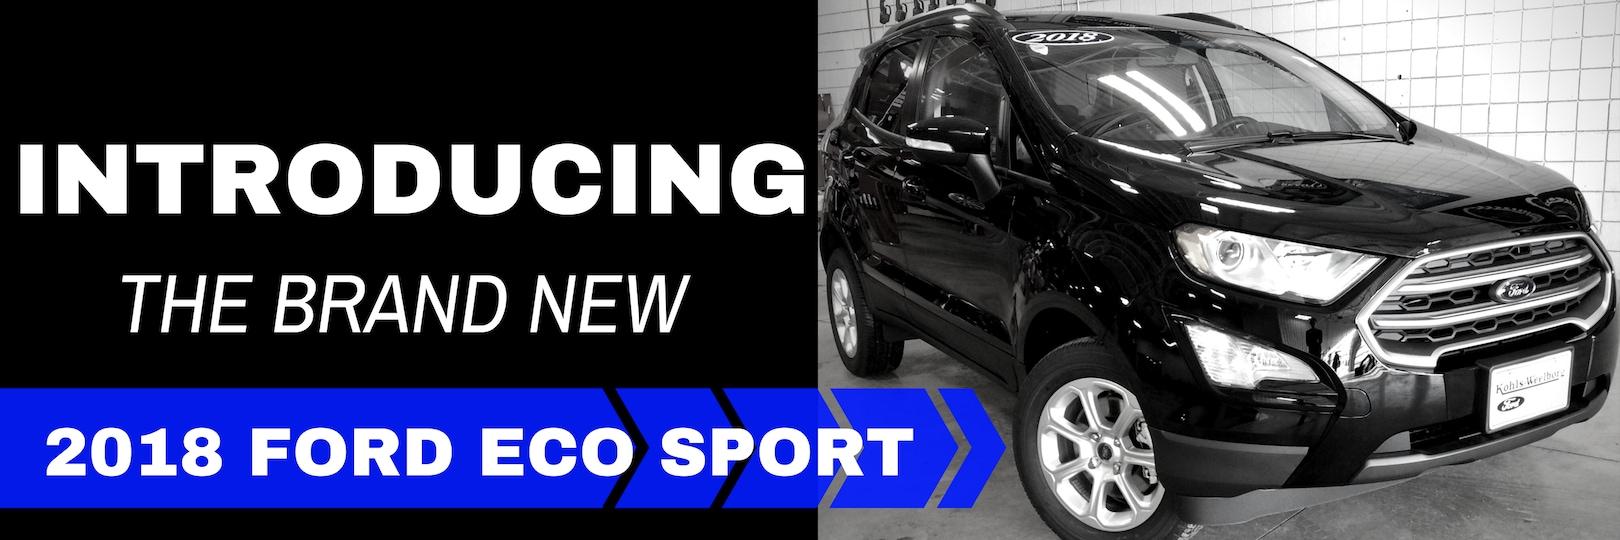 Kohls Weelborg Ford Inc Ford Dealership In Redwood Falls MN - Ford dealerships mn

...

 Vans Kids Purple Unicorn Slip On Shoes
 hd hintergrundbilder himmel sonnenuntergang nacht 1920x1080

What the task asks:
Reproduce, exactly as they stand in the data above, the lines from the one that holds "Vans Kids Purple Unicorn Slip On Shoes" to the one that holds "hd hintergrundbilder himmel", inclusive.

Your solution:
 Vans Kids Purple Unicorn Slip On Shoes
 hd hintergrundbilder himmel sonnenuntergang nacht 1920x1080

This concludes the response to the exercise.